On 11/04/2013 11:02 AM, MFPA wrote:
And as an aside, does it really make a difference to only sign some
UIDs and not others? Does GnuPG actually take account of which UIDs
are signed in its validity or trust calculations?

Yes, it does make a difference.

Let's say I make key X and attach to User IDs to it:

 * Daniel Kahn Gillmor <d...@fifthhorseman.net>
 * Alice Munroe <al...@example.com>

You meet me, check my identity, verify that i'm actually dkg, and just sign the first User ID (because you have been unable to verify whether i am also somehow Alice Munroe). (in fact, i am not Alice Munroe, but i would like to be able to read her mail)

At some point, you find you want to encrypt a message to Alice Munroe (who you met at a conference, perhaps). If you had certified both User IDs on my key, gpg would be happy to encrypt the message to my key instead of Alice's actual key. If i get a copy of that message, i would be able to read it. This would be bad.

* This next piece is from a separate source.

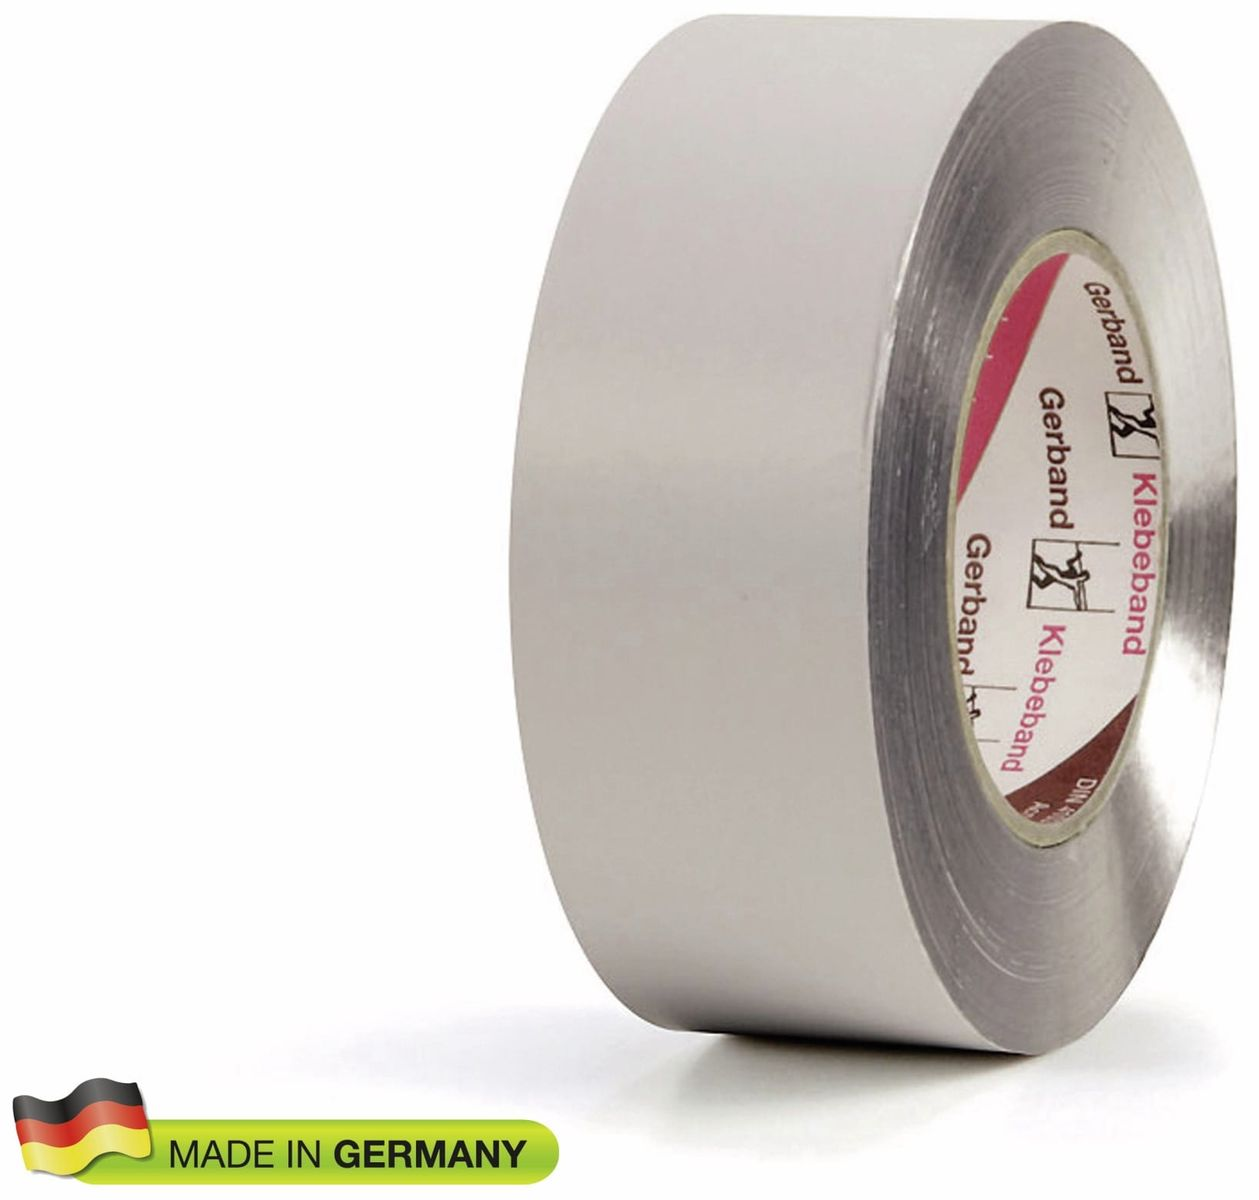 Klebe Band Tape 50mm x 50m 80°C fest weiß 6 x Abklebeband

An OpenPGP certification (a "keysigning") is an identity assertion, over *both* the key and the User ID. It says "this key K belongs to the person known in the real world by the User ID U", and it is cryptographically signed by the person making the assertion.

If you substitute some arbitrary other User ID for U, the meaning of the certification changes radically (and the cryptographic certification breaks). This is an intended feature.